Kubecost provides a web dashboard that you can access either through kubectl port-forward, an ingress, or a load balancer. The enterprise version of Kubecost also supports restricting access to the dashboard using SSO/SAML and providing varying level of access. For example, restricting team’s view to only the products they are responsible for.

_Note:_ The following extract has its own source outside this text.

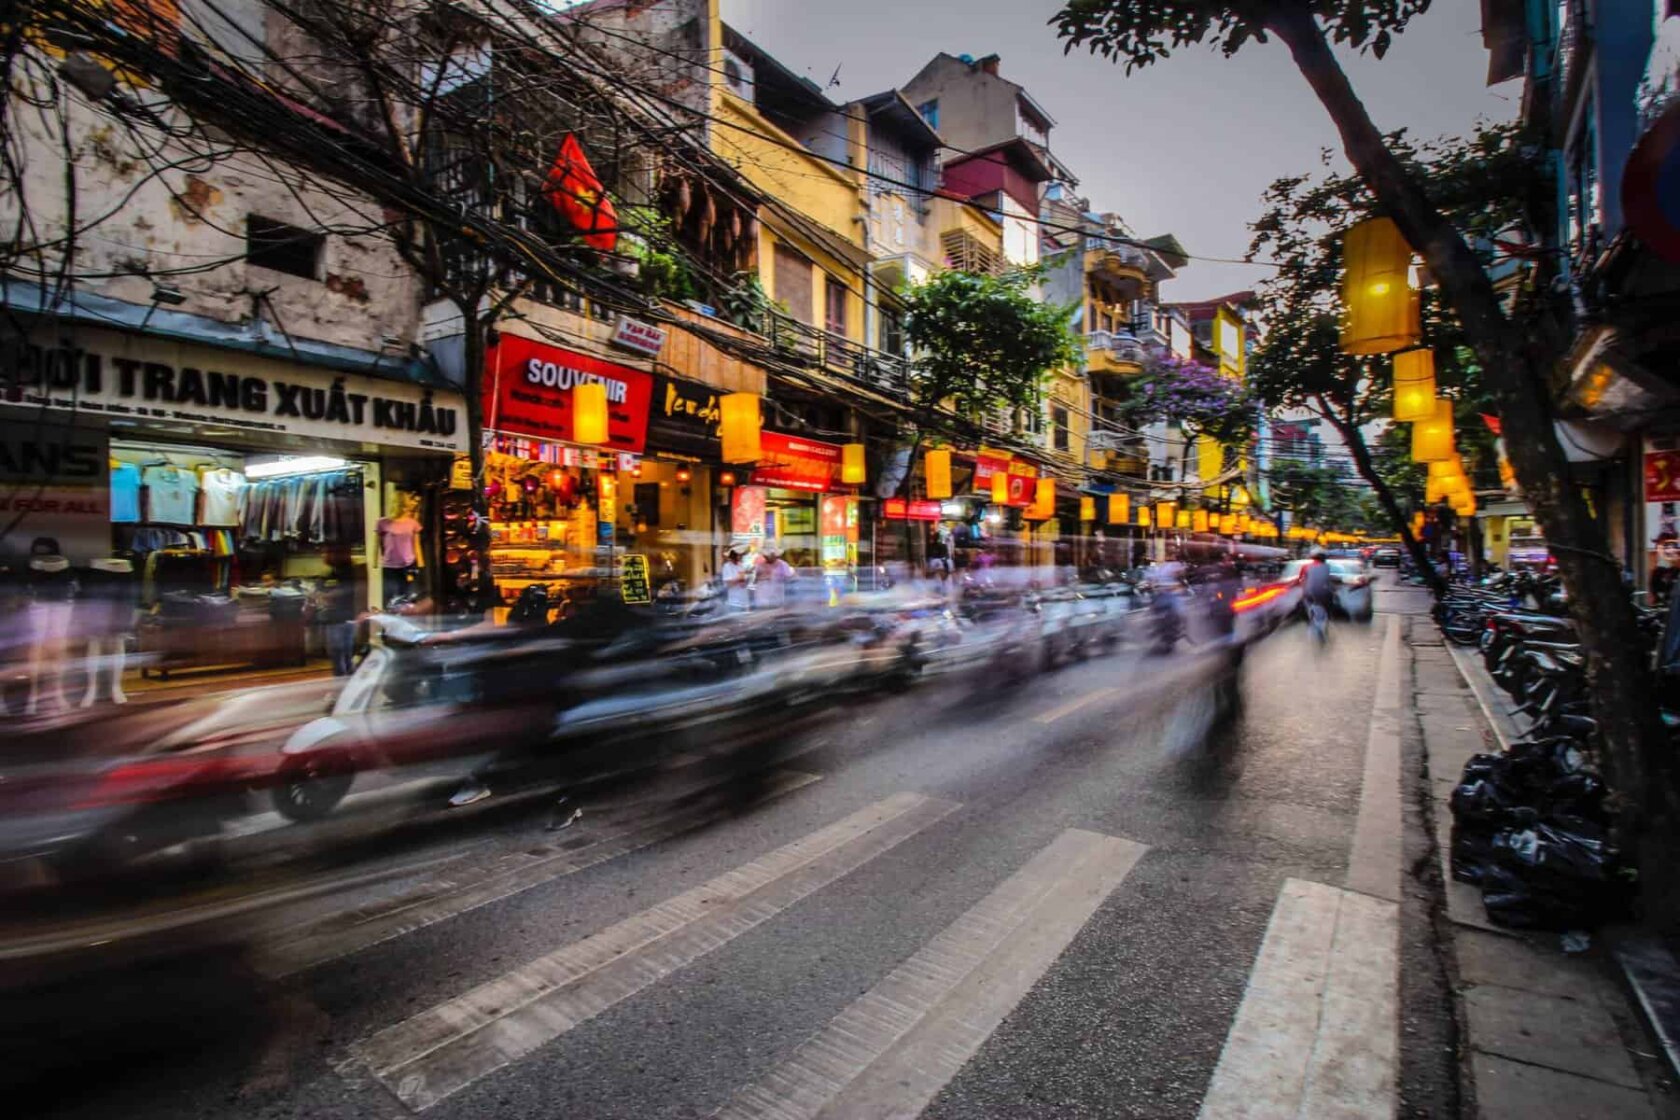 A busy street in Hanoi, Vietnam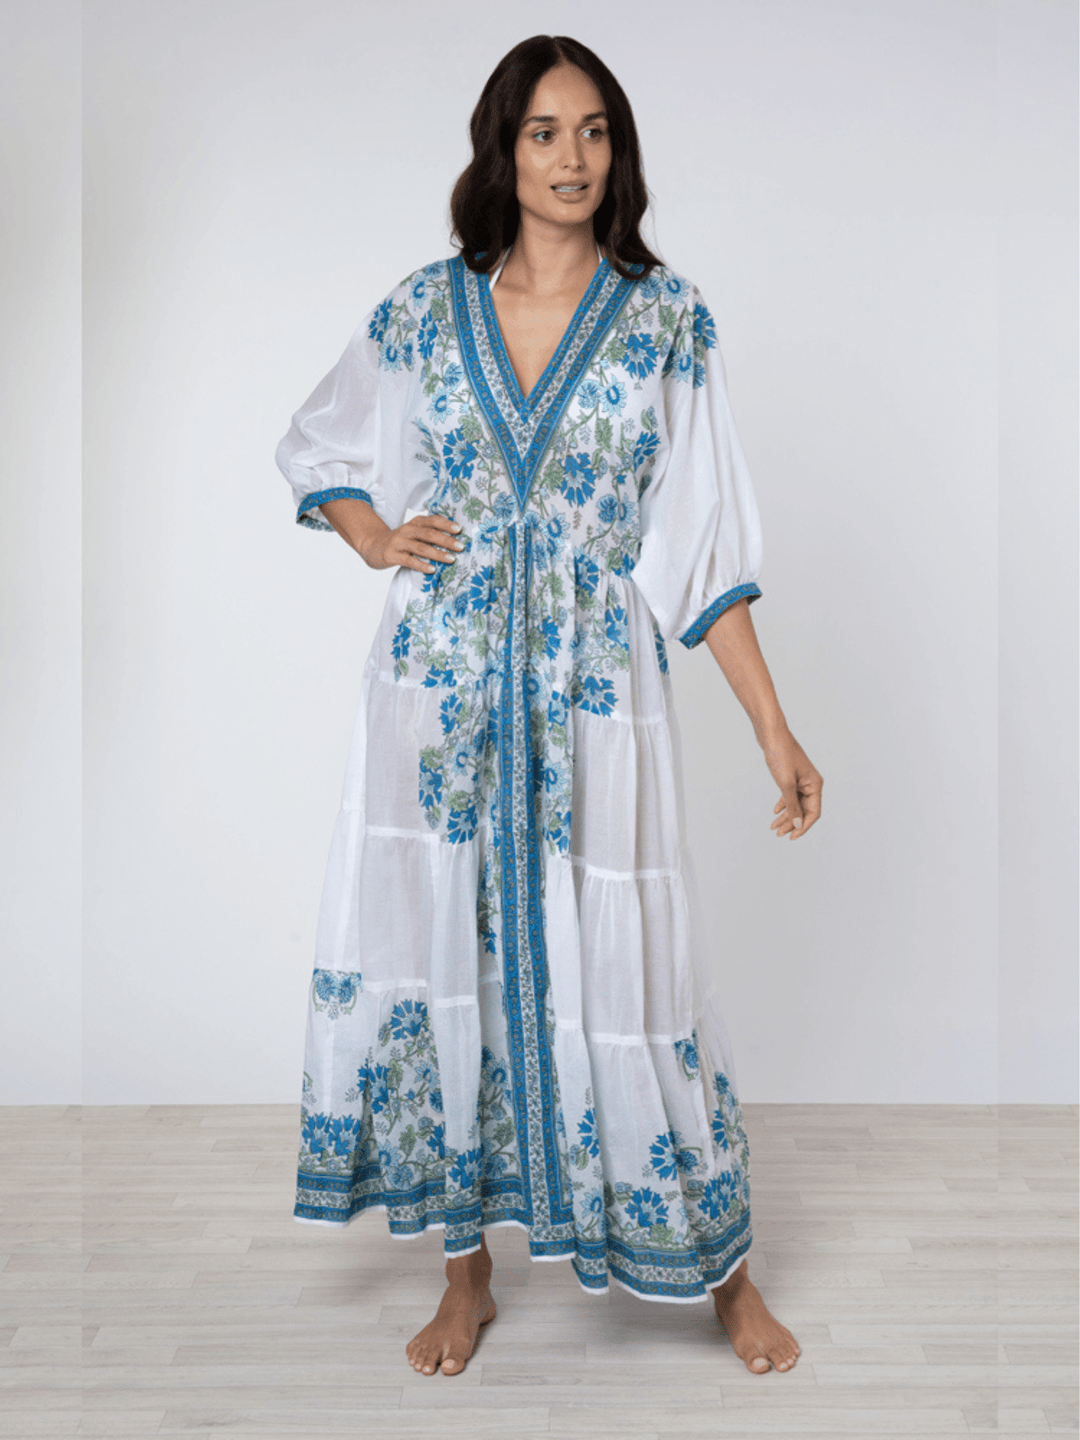 Juliet Dunn Dress White / Blue / Aqua Maxi Dress w/ Rose Border Print

In AWS environment, consider using the AWS Load Balancer Controller to expose Kubecost and use Amazon Cognito for authentication, authorization, and user management. You can learn more on this How to use Application Load Balancer and Amazon Cognito to authenticate users for your Kubernetes web apps

Multi-cluster view

Your FinOps team would want to review the EKS cluster to share recommendations with business owners. When operating at large scale, it becomes challenging for the teams to log into each cluster to view the recommendations. Multi cluster allows you to have a single-pane-of-glass view into all aggregated cluster costs globally. There are three options that Kubecost supports for environments with multiple clusters: Kubecost Free, Kubecost Business, and Kubecost enterprise. In the free and business mode, the cloud-billing reconciliation will be performed at each cluster level. In the enterprise mode, the cloud billing reconciliation will be performed in a primary cluster that serves the kubecost UI and uses the shared bucket where the metrics are stored. It is important to note that metrics retention is unlimited only when you use enterprise mode.